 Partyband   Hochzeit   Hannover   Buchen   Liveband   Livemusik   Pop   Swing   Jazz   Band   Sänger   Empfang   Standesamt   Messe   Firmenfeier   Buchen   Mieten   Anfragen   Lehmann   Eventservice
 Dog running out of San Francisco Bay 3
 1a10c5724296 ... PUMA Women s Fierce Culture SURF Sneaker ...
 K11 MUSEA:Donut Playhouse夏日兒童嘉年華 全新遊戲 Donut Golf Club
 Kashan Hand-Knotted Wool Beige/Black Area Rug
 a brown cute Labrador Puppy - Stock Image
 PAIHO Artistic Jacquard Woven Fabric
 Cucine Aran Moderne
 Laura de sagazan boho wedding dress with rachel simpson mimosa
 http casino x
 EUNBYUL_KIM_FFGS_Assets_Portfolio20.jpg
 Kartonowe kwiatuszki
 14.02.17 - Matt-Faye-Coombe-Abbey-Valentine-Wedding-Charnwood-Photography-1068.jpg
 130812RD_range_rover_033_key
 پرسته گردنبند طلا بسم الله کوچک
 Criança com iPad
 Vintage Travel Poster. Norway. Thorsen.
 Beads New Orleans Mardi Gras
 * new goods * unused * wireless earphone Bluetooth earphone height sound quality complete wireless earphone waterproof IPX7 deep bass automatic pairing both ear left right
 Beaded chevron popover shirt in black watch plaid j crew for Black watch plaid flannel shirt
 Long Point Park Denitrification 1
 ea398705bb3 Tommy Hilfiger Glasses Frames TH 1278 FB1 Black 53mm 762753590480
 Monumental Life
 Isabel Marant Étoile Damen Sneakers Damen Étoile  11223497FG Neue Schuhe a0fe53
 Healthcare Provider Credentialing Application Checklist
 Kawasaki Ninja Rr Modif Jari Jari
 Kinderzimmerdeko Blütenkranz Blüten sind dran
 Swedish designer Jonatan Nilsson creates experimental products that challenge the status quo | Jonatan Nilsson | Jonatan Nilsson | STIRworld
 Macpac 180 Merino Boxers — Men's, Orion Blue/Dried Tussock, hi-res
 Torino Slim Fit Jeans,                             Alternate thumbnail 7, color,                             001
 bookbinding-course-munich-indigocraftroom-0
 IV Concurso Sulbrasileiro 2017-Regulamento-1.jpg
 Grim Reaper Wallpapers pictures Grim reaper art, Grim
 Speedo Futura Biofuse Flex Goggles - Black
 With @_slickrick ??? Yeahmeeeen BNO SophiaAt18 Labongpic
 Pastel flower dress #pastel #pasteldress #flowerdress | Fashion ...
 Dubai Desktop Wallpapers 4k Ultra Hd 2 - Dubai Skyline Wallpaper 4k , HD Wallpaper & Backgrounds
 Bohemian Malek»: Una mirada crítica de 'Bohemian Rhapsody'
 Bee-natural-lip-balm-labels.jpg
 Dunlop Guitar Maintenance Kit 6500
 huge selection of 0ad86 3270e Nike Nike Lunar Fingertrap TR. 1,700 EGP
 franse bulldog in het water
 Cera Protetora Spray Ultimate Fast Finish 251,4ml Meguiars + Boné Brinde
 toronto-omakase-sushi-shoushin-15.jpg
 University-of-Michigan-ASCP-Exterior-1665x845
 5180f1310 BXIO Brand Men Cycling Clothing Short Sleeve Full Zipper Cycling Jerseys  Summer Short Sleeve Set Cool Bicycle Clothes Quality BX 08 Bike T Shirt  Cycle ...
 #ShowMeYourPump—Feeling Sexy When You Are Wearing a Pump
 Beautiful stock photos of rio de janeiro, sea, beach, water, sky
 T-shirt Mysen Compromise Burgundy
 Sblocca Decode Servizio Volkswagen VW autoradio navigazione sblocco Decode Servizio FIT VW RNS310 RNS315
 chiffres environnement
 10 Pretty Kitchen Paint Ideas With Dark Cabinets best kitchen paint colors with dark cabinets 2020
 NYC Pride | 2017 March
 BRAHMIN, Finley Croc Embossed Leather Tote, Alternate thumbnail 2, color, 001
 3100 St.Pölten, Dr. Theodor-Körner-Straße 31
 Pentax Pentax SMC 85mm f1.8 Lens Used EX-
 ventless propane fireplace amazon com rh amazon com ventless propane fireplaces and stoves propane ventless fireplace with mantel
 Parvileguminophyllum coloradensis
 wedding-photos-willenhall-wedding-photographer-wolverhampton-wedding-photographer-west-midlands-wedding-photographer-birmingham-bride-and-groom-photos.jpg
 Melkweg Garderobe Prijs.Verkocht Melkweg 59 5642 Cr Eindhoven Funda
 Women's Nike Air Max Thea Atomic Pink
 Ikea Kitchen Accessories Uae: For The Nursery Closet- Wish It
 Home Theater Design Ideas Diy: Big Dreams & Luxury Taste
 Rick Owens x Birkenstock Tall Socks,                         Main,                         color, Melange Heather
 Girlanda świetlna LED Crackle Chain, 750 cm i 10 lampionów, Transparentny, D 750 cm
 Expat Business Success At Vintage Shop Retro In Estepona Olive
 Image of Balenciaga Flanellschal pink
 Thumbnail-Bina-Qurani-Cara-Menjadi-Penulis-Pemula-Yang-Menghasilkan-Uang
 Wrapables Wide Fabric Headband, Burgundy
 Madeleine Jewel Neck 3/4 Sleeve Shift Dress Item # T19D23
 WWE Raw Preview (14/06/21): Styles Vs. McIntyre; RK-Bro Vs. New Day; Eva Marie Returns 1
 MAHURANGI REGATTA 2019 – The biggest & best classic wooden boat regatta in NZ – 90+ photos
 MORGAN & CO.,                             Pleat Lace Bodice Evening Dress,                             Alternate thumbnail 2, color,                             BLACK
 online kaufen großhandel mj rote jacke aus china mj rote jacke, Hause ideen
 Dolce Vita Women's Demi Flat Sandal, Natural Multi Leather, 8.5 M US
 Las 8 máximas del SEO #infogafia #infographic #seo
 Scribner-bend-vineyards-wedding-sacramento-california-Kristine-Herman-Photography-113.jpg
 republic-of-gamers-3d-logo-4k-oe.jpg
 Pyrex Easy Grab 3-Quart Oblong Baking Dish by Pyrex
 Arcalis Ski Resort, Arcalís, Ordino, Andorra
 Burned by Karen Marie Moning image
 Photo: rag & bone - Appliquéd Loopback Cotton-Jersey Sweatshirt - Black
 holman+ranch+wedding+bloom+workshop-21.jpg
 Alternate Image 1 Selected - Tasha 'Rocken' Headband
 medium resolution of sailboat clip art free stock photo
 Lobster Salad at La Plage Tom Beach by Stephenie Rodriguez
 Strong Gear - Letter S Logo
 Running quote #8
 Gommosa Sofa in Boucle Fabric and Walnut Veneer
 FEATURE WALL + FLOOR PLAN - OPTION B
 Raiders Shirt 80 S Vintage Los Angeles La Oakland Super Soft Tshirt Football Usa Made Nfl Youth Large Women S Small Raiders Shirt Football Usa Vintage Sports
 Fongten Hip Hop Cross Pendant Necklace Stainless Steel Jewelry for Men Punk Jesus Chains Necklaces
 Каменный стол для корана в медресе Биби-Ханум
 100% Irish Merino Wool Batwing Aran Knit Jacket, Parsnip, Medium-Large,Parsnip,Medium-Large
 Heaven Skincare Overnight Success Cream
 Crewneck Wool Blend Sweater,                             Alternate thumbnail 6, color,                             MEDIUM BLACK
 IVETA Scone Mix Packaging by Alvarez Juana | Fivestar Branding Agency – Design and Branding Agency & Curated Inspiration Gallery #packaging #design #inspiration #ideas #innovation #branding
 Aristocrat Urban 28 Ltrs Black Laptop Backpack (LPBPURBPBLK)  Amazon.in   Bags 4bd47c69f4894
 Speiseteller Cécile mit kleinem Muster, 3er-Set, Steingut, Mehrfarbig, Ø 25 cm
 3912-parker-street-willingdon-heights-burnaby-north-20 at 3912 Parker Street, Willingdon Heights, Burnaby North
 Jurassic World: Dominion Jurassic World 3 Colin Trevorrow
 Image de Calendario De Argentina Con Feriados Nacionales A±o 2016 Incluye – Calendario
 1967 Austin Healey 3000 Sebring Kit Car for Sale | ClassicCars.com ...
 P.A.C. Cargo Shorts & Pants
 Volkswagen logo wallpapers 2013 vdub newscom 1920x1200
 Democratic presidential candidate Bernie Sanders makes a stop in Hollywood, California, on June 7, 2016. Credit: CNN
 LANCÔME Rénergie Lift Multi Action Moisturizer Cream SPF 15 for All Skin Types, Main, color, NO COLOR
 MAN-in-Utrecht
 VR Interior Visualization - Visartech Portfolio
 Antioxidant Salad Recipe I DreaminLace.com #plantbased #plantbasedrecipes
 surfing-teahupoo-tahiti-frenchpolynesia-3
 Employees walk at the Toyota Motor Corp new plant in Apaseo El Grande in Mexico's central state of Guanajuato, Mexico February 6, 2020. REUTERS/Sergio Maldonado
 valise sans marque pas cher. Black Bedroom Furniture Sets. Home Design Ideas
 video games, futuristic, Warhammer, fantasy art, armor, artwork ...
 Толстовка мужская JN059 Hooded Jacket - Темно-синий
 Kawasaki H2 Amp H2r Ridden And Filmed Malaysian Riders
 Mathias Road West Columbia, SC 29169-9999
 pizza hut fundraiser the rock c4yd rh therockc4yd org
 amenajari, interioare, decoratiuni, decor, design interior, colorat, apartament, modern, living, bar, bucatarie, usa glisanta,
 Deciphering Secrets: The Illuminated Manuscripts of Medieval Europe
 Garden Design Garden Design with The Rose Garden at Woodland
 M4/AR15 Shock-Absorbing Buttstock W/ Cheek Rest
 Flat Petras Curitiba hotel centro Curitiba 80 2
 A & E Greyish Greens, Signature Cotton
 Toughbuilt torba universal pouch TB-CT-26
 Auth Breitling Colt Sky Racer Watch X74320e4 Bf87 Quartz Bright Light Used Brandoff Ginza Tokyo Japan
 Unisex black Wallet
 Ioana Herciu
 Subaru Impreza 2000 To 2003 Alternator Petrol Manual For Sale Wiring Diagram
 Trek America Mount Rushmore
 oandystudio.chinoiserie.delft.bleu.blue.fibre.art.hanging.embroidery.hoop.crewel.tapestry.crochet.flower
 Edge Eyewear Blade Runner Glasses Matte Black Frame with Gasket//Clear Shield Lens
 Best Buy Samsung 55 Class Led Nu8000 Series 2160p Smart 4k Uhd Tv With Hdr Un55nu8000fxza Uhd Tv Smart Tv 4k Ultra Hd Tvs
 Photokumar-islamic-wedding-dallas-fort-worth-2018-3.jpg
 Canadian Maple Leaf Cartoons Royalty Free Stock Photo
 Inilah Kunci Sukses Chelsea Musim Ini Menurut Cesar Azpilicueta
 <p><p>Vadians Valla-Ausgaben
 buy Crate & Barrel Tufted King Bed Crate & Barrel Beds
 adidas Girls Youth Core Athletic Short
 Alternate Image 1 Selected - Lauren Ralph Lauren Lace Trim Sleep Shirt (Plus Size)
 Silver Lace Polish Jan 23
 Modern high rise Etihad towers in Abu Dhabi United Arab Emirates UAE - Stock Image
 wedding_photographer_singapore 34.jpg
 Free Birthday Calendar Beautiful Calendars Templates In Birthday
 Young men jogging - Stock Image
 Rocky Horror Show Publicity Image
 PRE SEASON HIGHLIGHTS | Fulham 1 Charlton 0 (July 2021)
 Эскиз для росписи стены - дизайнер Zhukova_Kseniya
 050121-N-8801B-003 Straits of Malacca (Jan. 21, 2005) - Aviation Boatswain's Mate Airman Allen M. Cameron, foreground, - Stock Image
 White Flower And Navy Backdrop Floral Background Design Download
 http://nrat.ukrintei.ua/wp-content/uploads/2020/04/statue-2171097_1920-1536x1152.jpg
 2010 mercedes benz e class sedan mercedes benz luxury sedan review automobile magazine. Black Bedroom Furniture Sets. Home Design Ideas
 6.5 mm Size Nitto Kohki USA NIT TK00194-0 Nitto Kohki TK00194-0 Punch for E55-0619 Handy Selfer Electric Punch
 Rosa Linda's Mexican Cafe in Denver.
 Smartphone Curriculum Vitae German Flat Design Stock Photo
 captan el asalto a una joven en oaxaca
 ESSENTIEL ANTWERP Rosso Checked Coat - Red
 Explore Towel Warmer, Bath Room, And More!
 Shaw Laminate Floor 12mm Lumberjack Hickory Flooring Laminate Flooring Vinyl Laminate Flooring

Description of the task =>
What belongs in the answer is each line of the listing that contains the word "Glasses".

Written response =>
 ea398705bb3 Tommy Hilfiger Glasses Frames TH 1278 FB1 Black 53mm 762753590480
 Edge Eyewear Blade Runner Glasses Matte Black Frame with Gasket//Clear Shield Lens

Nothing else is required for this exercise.